Images should be left out, and everything else in the listing reproduced exactly.

INFORMATION SHOWN Start Marker

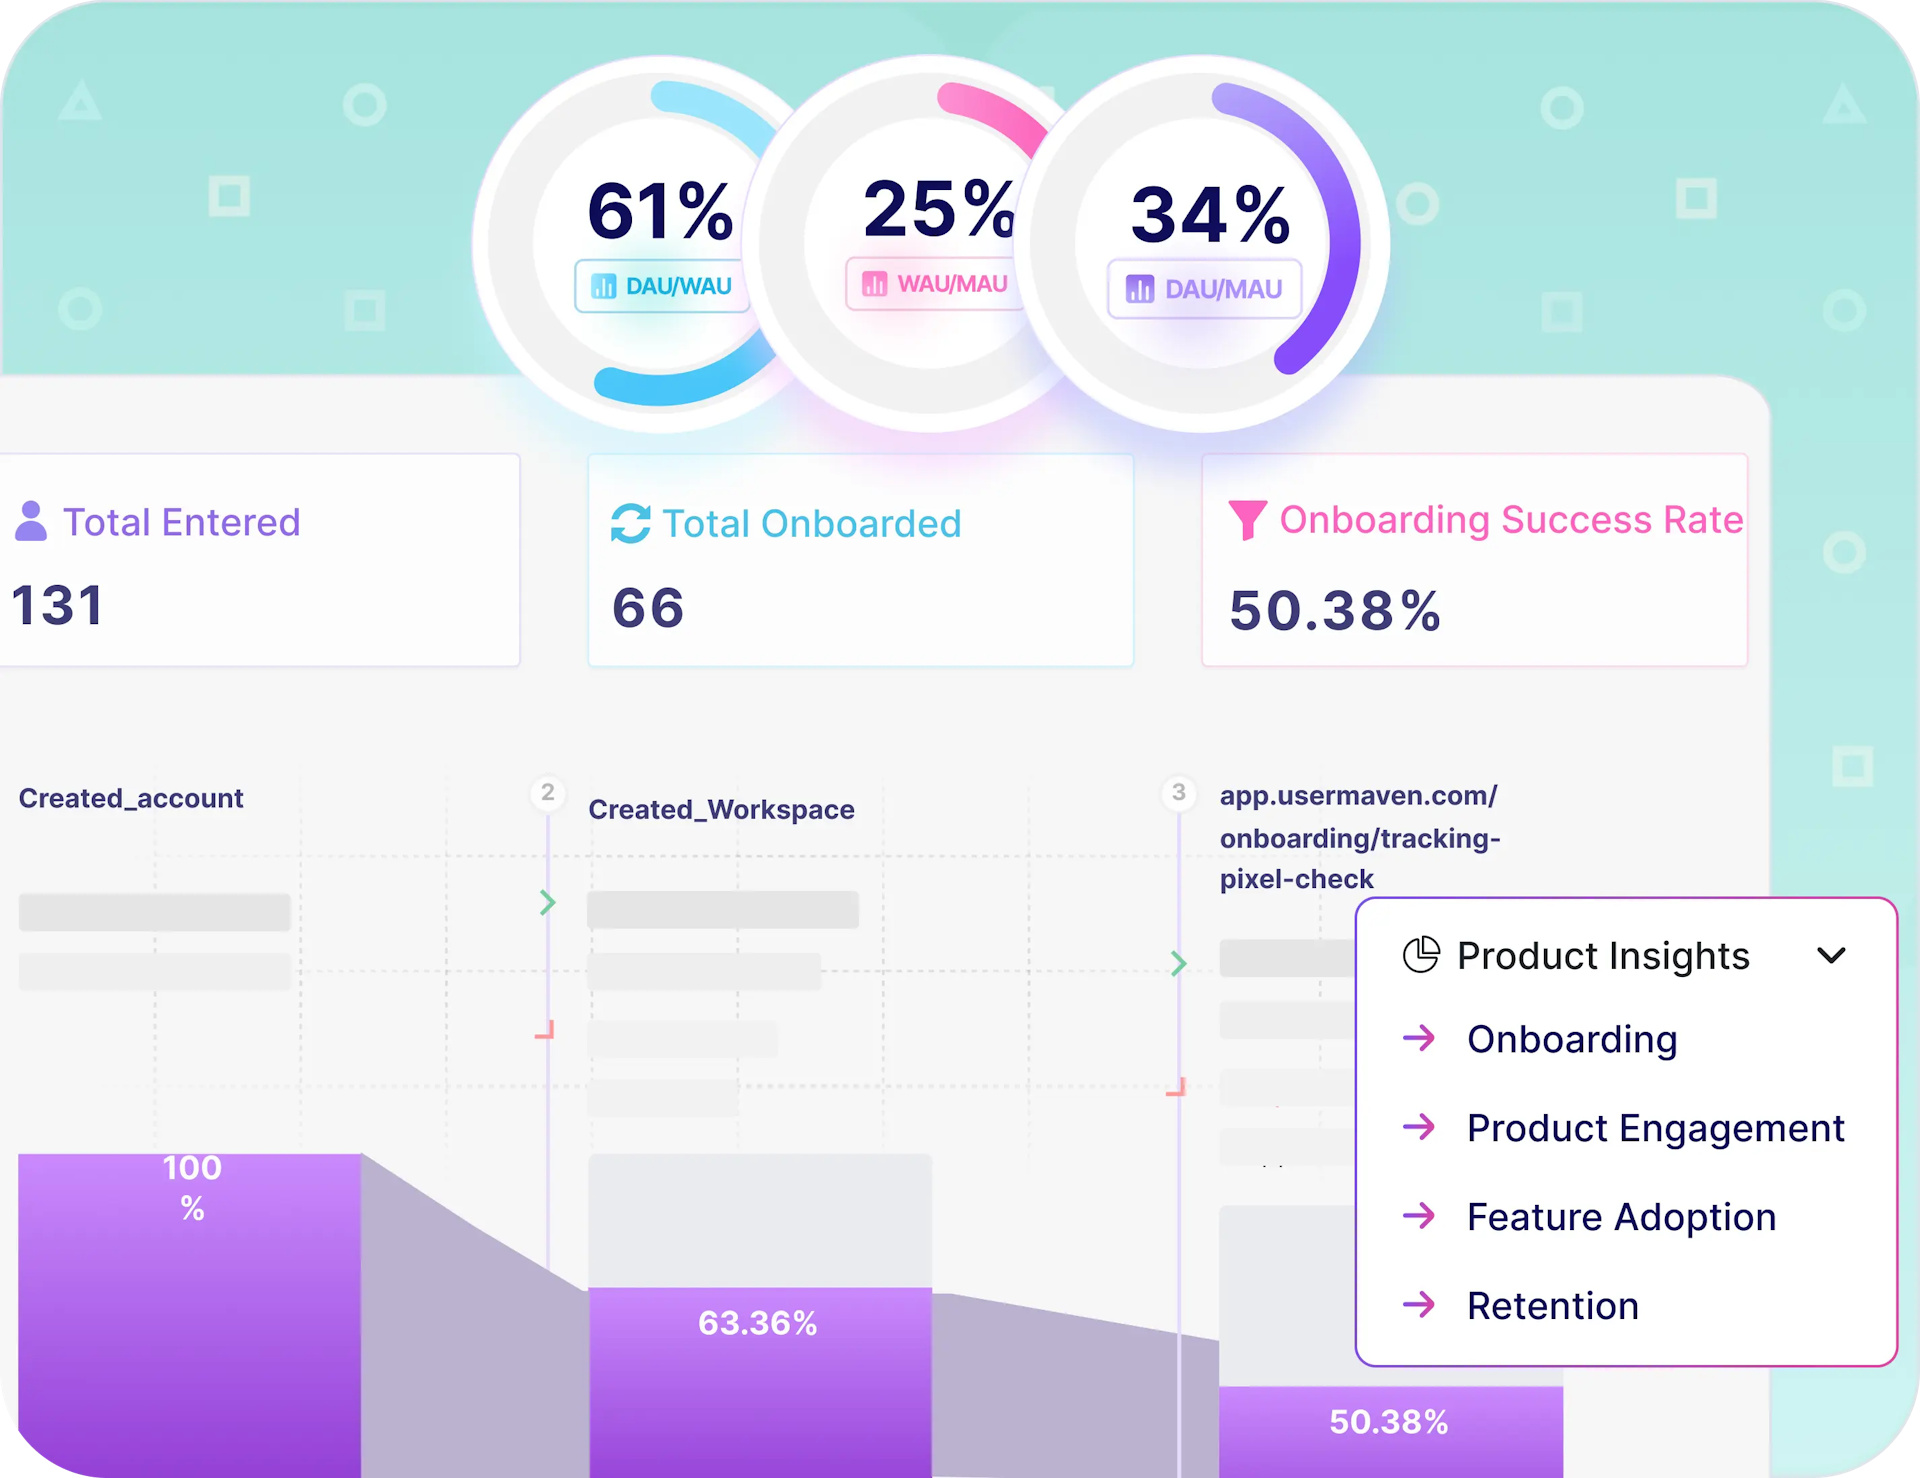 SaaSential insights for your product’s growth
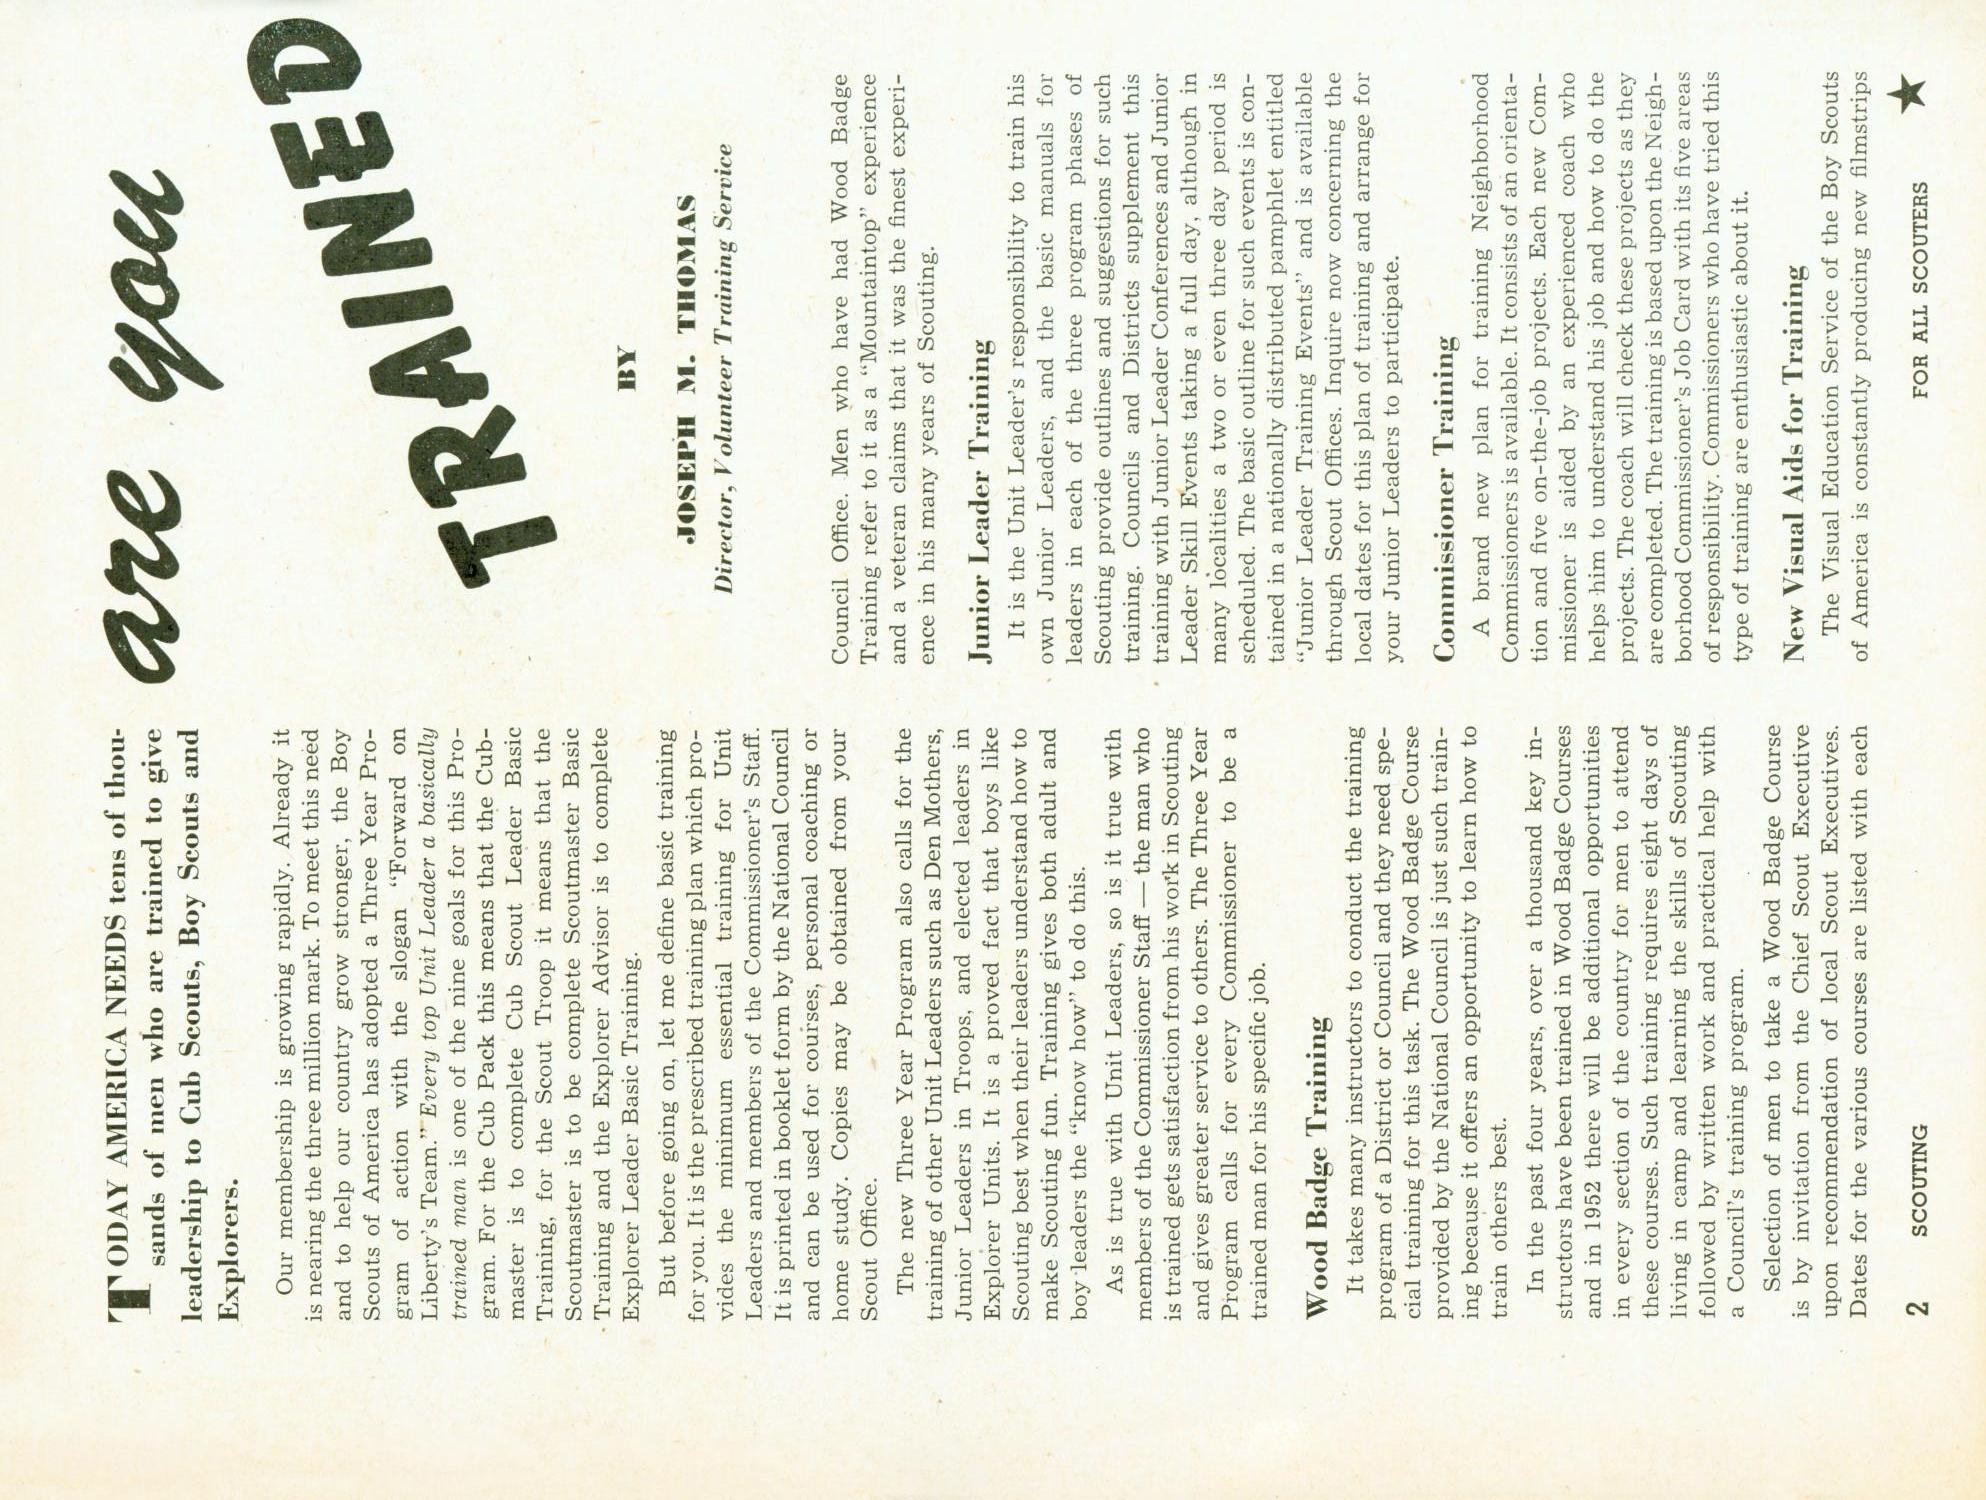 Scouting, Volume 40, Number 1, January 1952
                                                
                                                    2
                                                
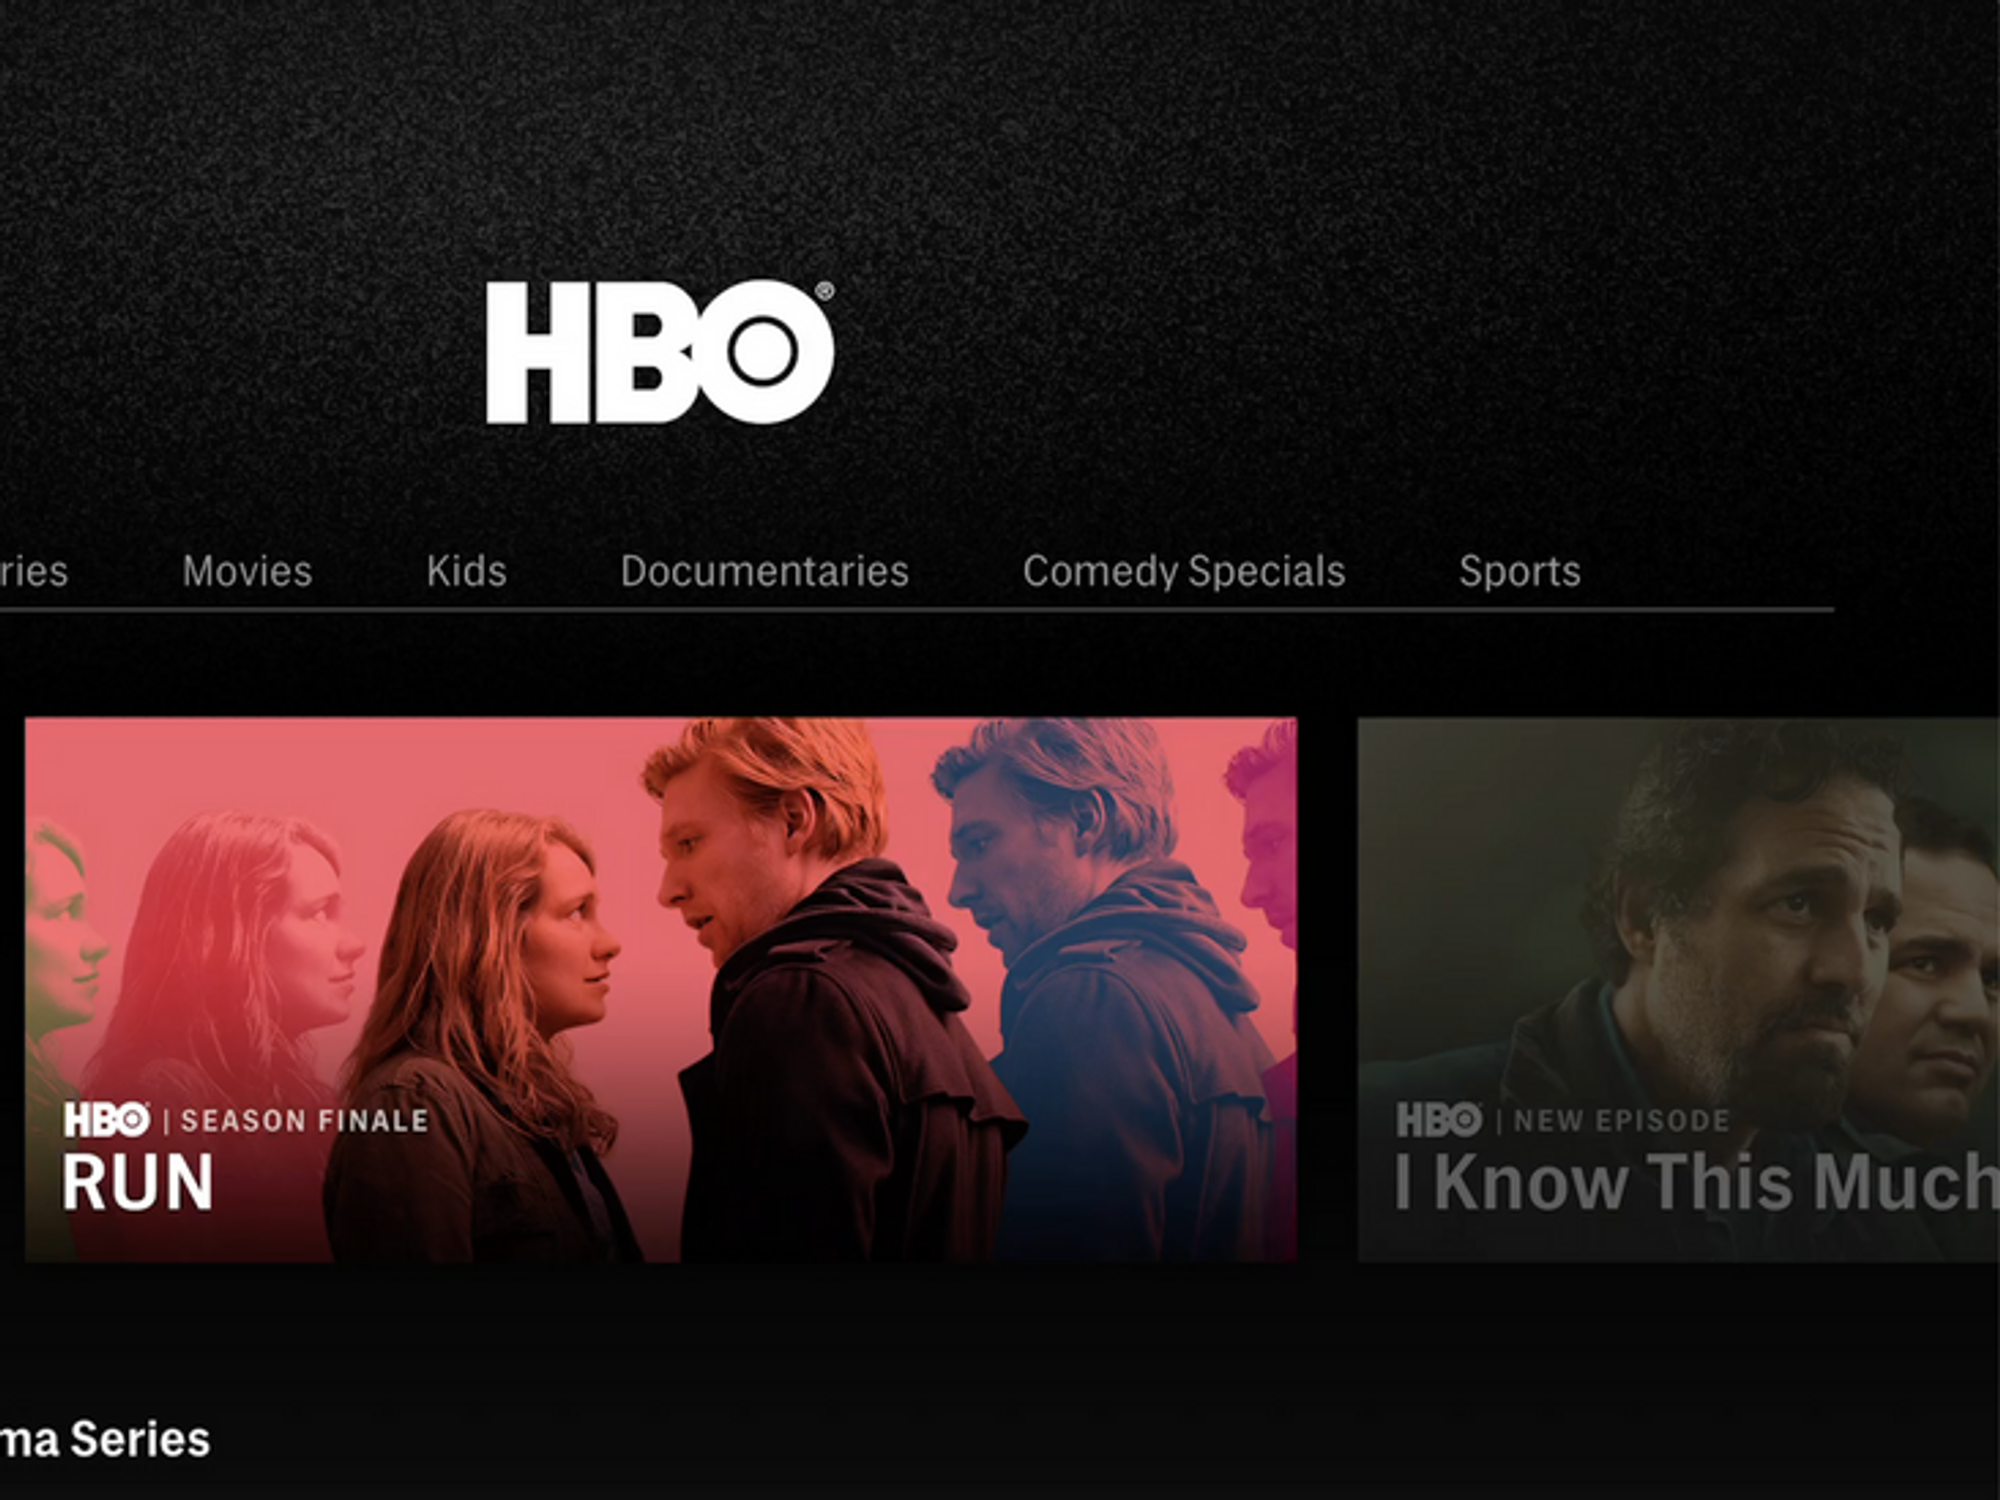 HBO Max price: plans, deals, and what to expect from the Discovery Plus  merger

INFORMATION SHOWN End Marker

▶ **RESULT OF THE TASK**:
 SaaSential insights for your product’s growth
 Scouting, Volume 40, Number 1, January 1952
                                                
                                                    2
                                                
 HBO Max price: plans, deals, and what to expect from the Discovery Plus  merger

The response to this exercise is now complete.